Data block Block Start

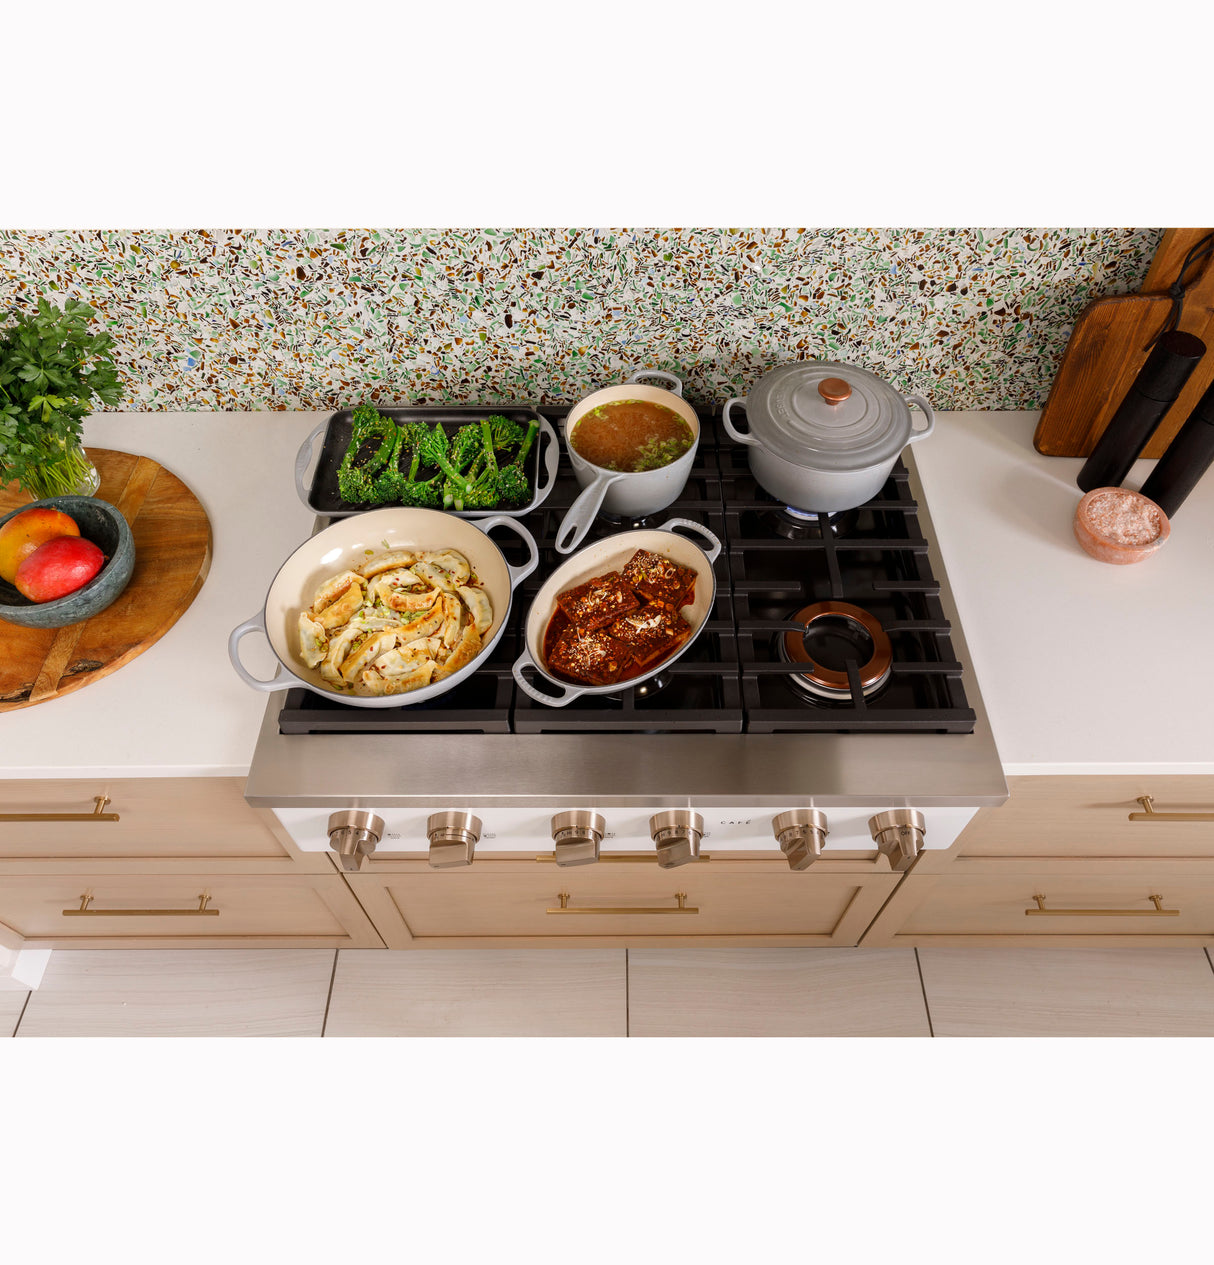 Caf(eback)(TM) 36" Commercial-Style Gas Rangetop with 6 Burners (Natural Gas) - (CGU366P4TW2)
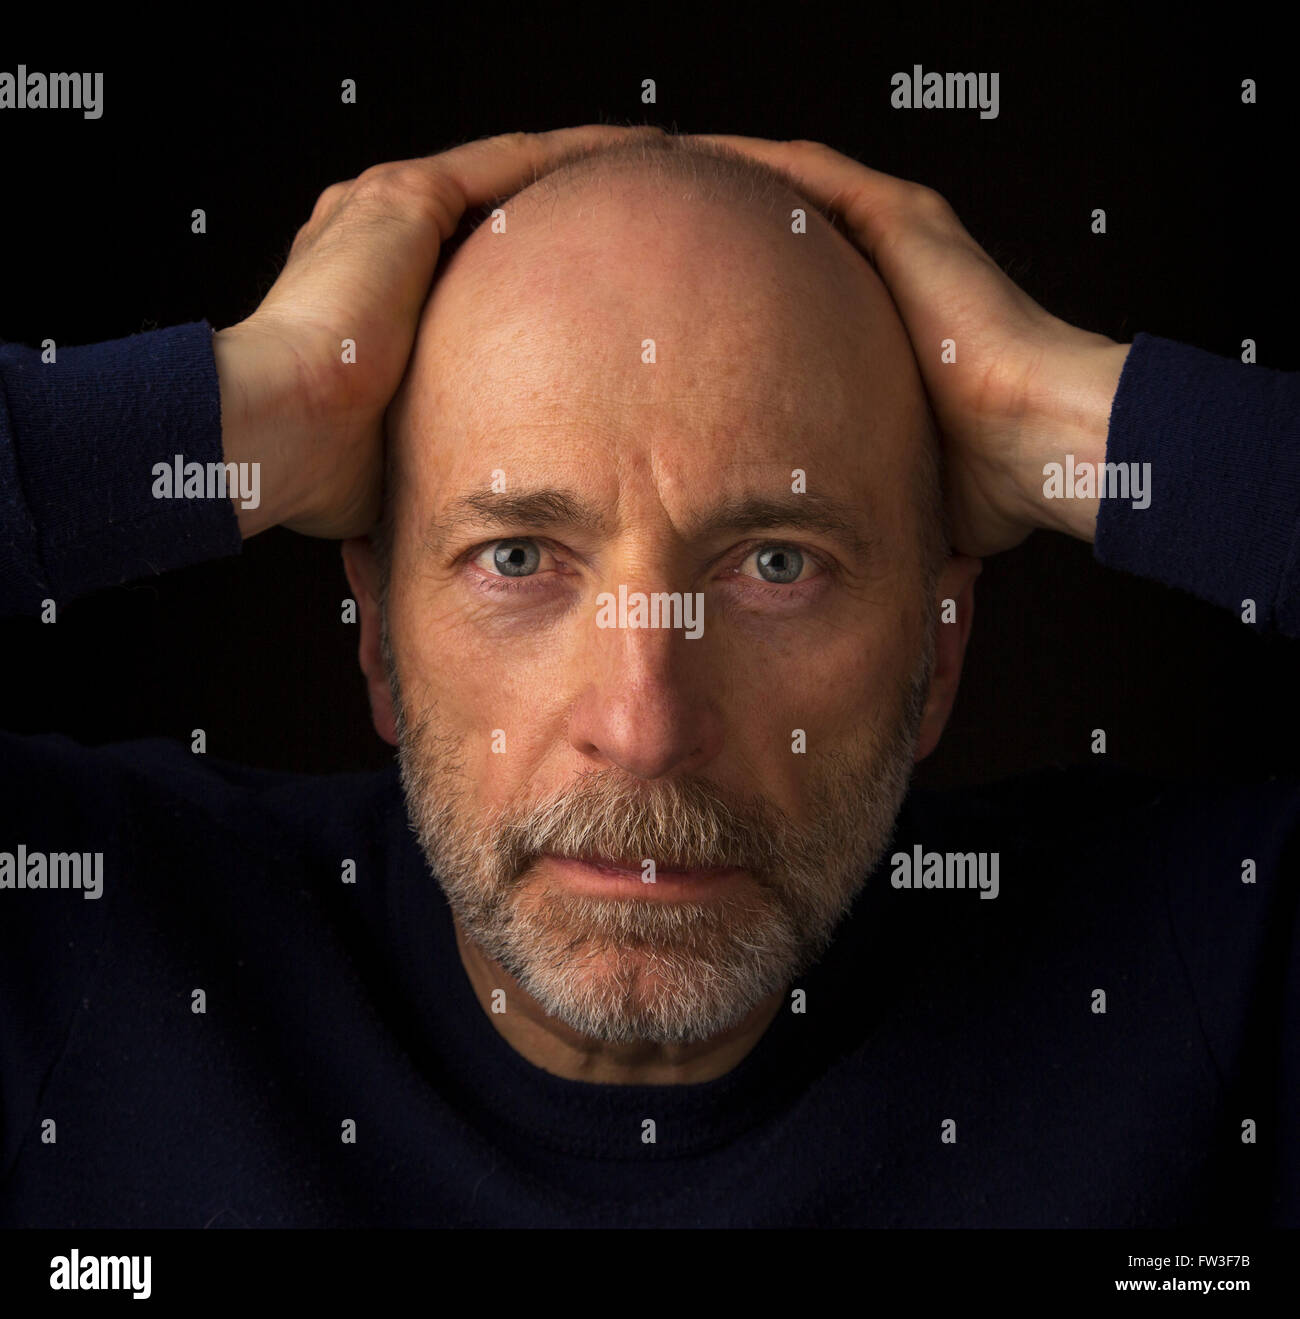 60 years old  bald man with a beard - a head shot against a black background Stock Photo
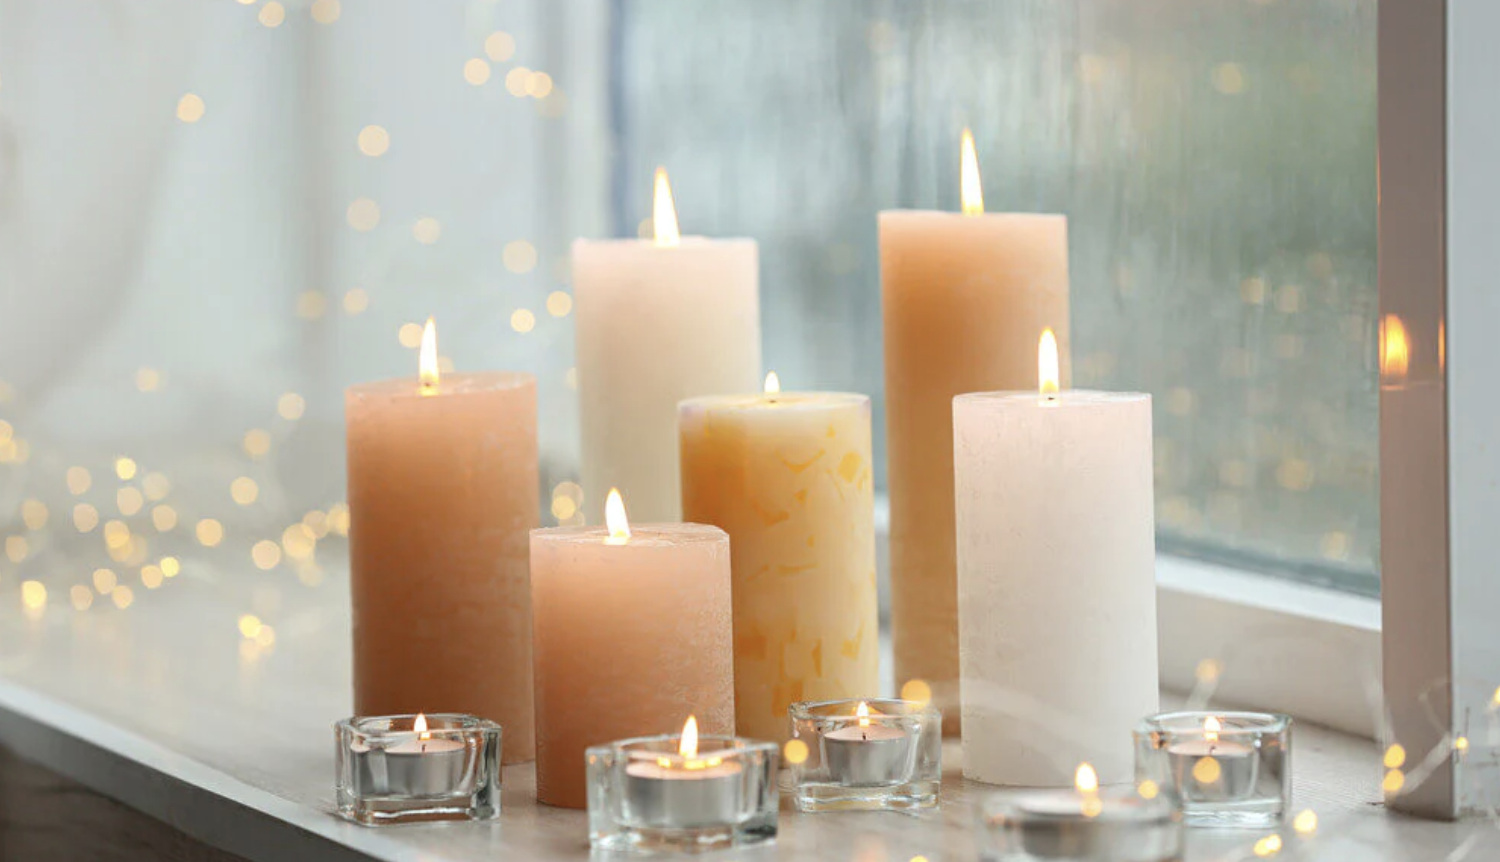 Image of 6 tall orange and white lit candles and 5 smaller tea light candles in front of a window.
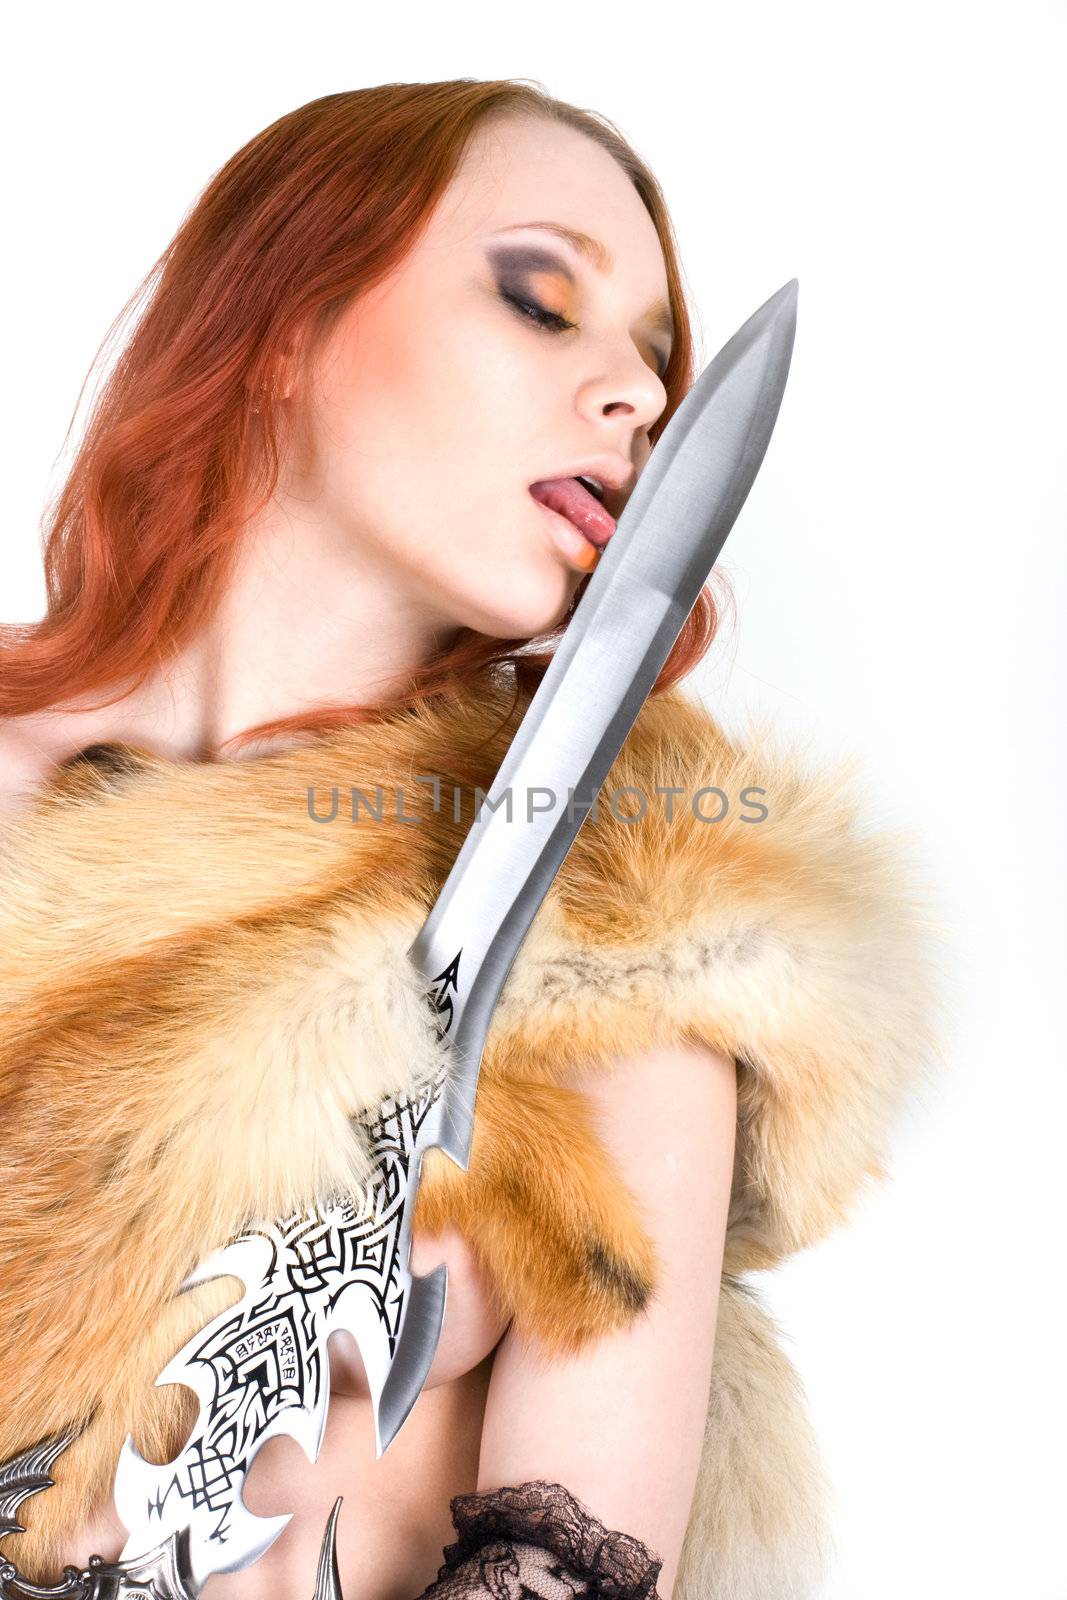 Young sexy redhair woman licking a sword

Data block Block End

# [Exercise brief]
What should appear is an exact reproduction of the lines from the one with "60 years old" through the end of the material above, and no pictures.

# [Task solution]
 60 years old  bald man with a beard - a head shot against a black background Stock Photo
 Image of 6 tall orange and white lit candles and 5 smaller tea light candles in front of a window.
 Young sexy redhair woman licking a sword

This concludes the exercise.